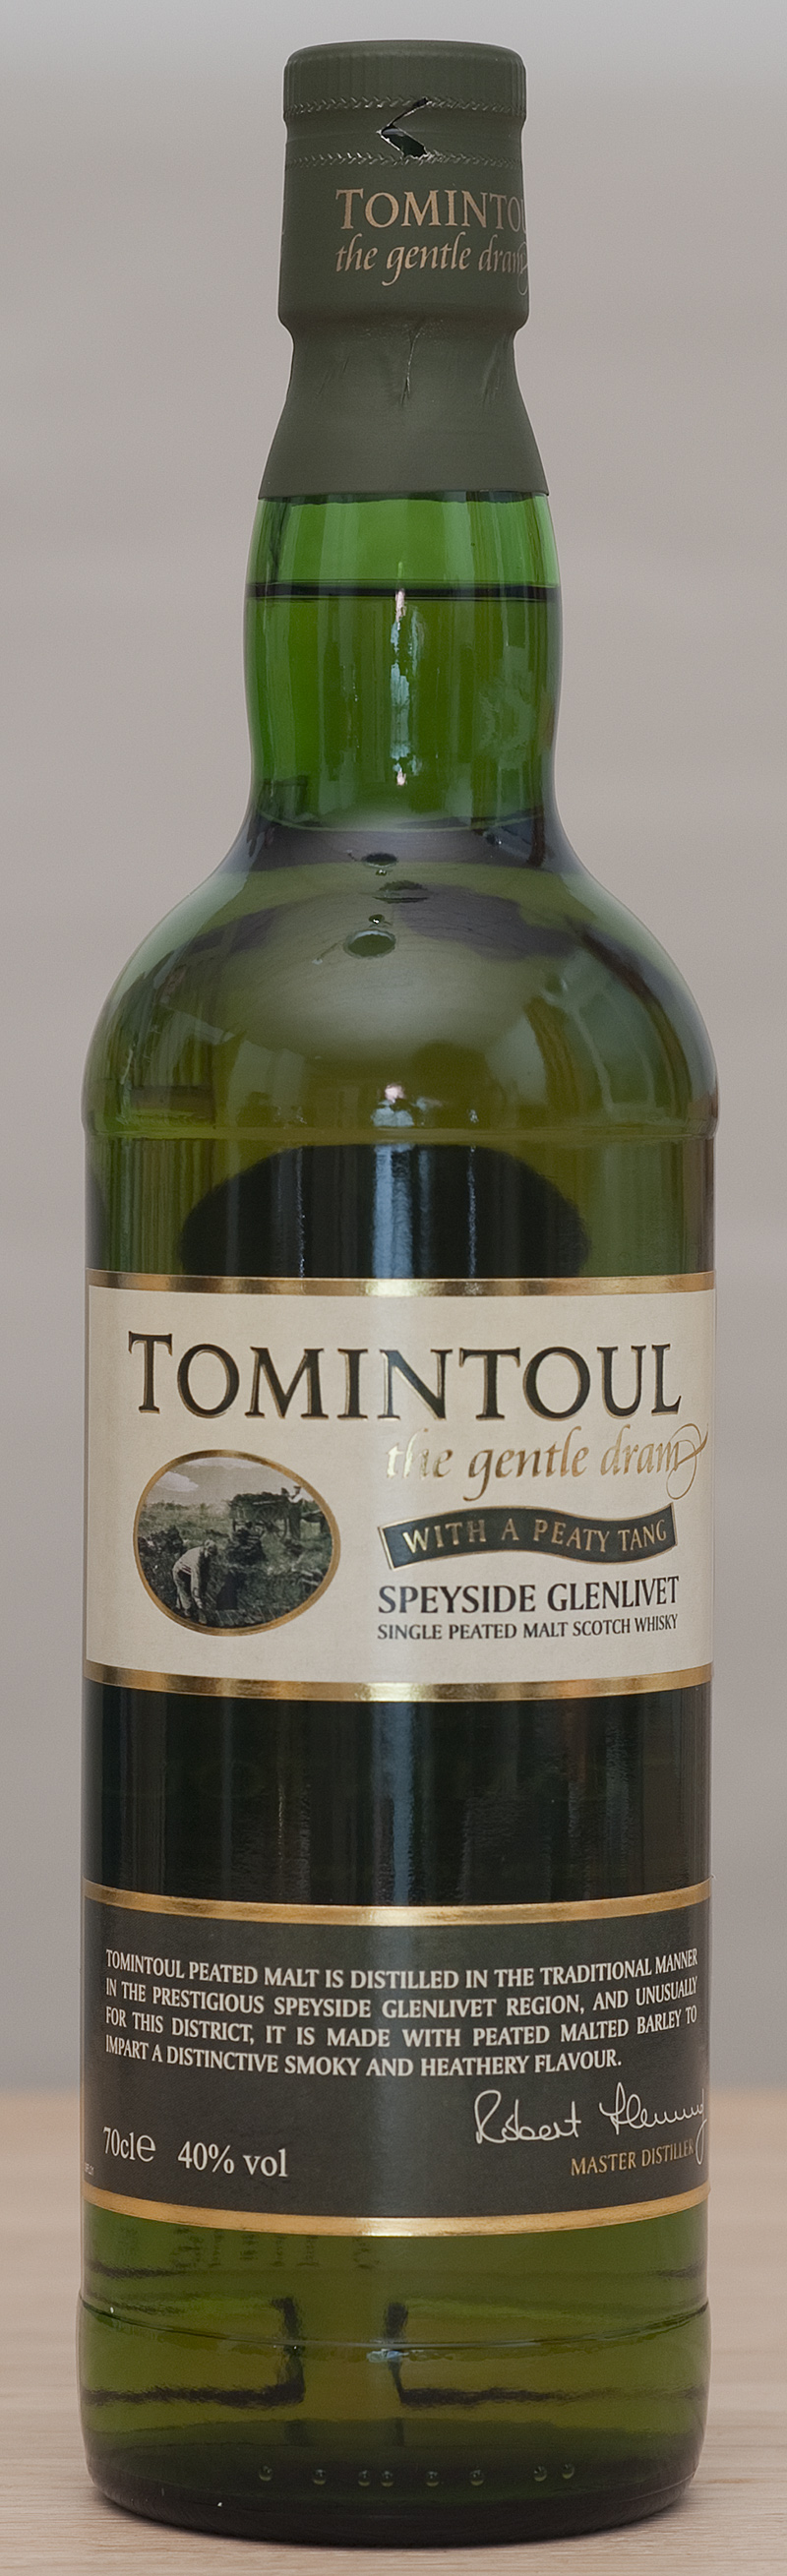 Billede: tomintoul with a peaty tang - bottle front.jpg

==

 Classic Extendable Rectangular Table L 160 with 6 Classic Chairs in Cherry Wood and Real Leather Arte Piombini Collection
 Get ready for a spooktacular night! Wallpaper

> Exercise:
Within the material above, output exactly the lines from the one with "Classic Extendable Rectangular" through the one with "Get ready for", end lines included, and nothing besides.

> Exercise result:
 Classic Extendable Rectangular Table L 160 with 6 Classic Chairs in Cherry Wood and Real Leather Arte Piombini Collection
 Get ready for a spooktacular night! Wallpaper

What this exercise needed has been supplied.